Given the importance of theories of truth to the concept of knowledge – and the study thereof (epistemology), and given the importance of innate knowledge to Chomsky’s theory of linguistic faculties, it is not hard to see why theories of truth are regarded as important, both as a basis of semantic content (meaning), of thoughts, and of sentences.
That is just one set of theoretic considerations. Few people today are unaware – to some extent - of the relevance of truth, versus post-truth, to political narrative construction.
Post-truth in History - Sort Of
Post-truth is literally a rejection of the entire idea that anything is true - versus a sole other option of false - in any concrete, immutable, objective sense. It is not an entirely new idea, historically speaking, but its degree of popularity and its basis in recent Continental philosophy, is. Related ideas in ethics and moral philosophy - like moral relativism and moral individualism - have been around much longer.

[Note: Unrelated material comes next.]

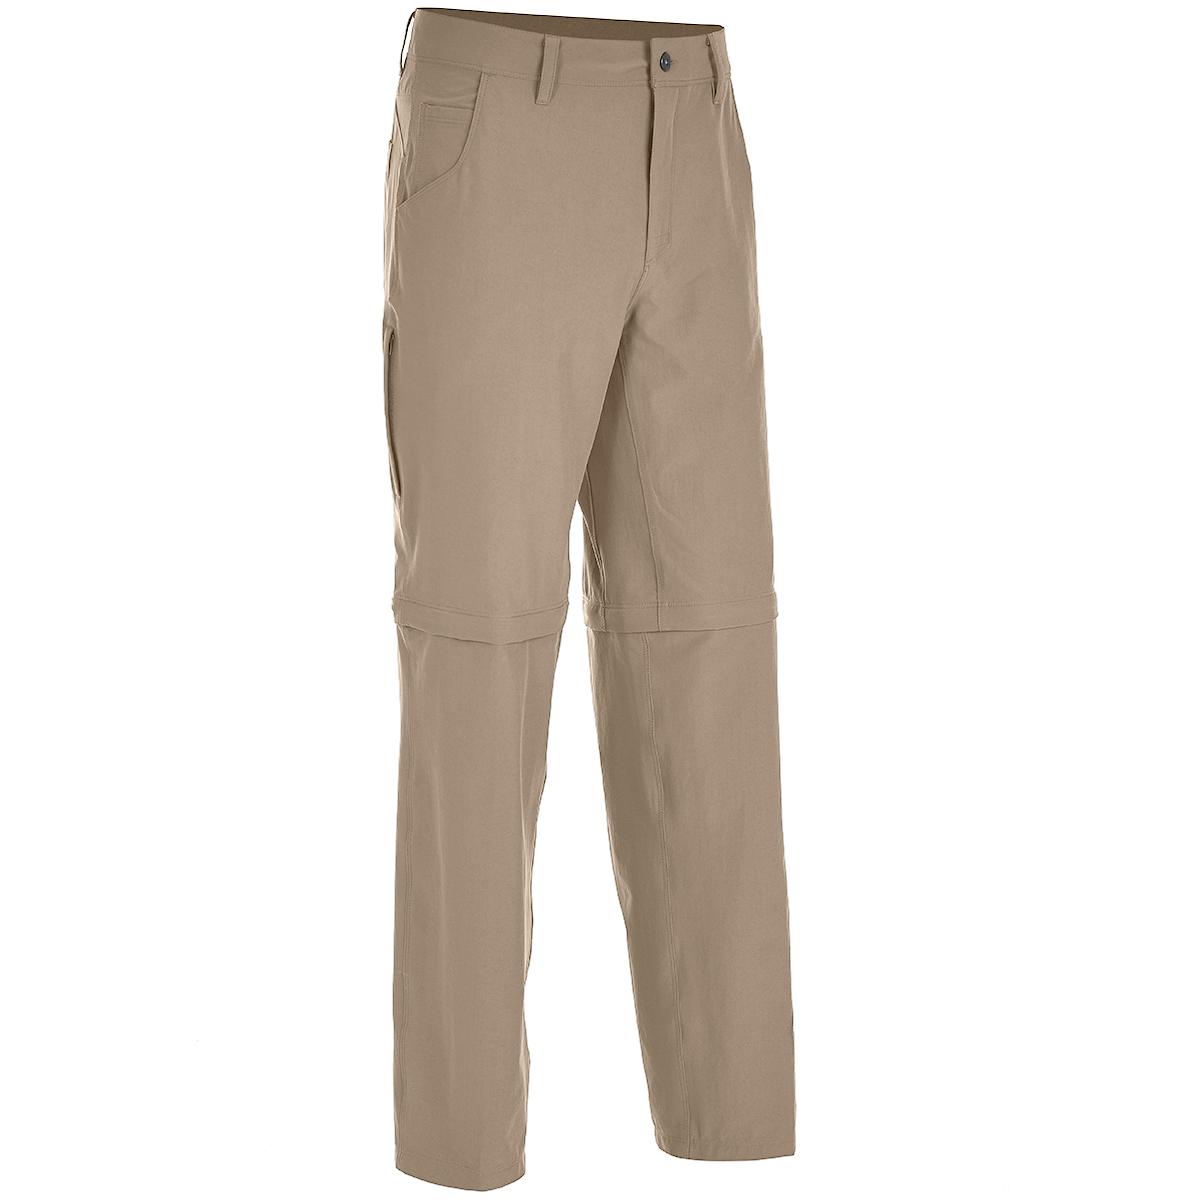 Ems Men's Go East Zip-Off Pants - Brown, 40/32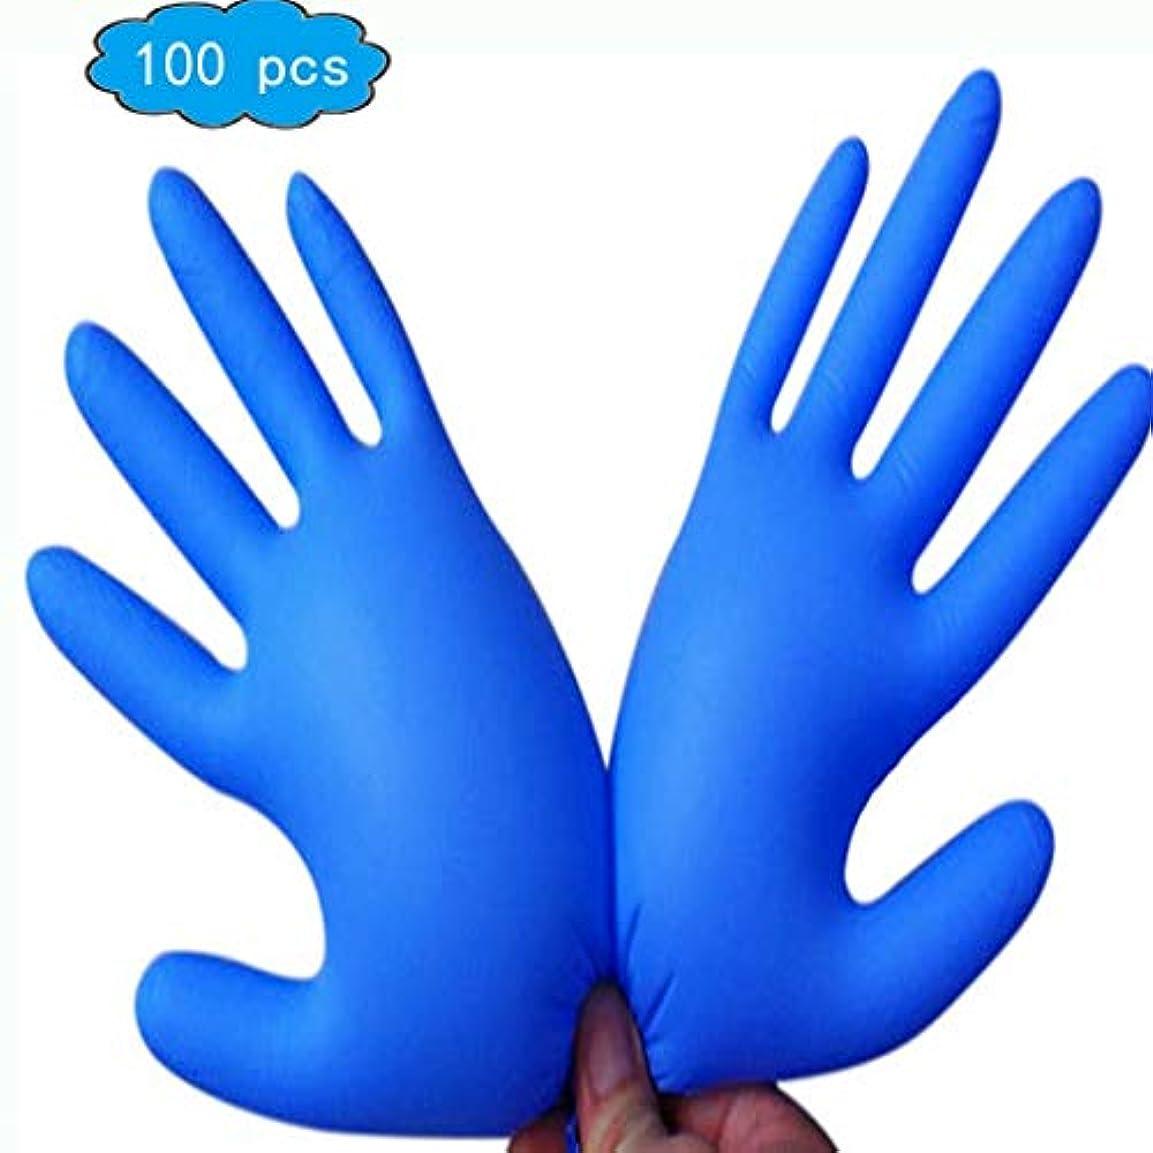 行母性凶暴な使い捨てニトリル試験手袋、(青)、医療グレード、ラテックスフリー、パウダーフリー、食品安全(100)、家庭用品、手と腕の保護 (Color : Blue, Size : L)

Theoretically speaking, post-truth is closest to – in fact largely equivalent to - nihilism about truth. Nihilism about X means that, whatever X is, there is no X. To get an idea of how difficult it is to really be a nihilist about anything, consider the famous 19th century philosopher Friedrich Nietzsche. Many popular commentators refer to Nietzsche as a nihilist about truth. However, this is hard to support with data, because Nietzsche continually argued for the truth of various positions – such as that the Christian megacult did not have the truth in its doctrines. He presented positive theses about what it was to live a worthwhile life:
Hence, Nietzsche believes only a return of the Dionysian art impulse can save modern society from sterility and nihilism. (https://plato.stanford.edu/entries/postmodernism/#1).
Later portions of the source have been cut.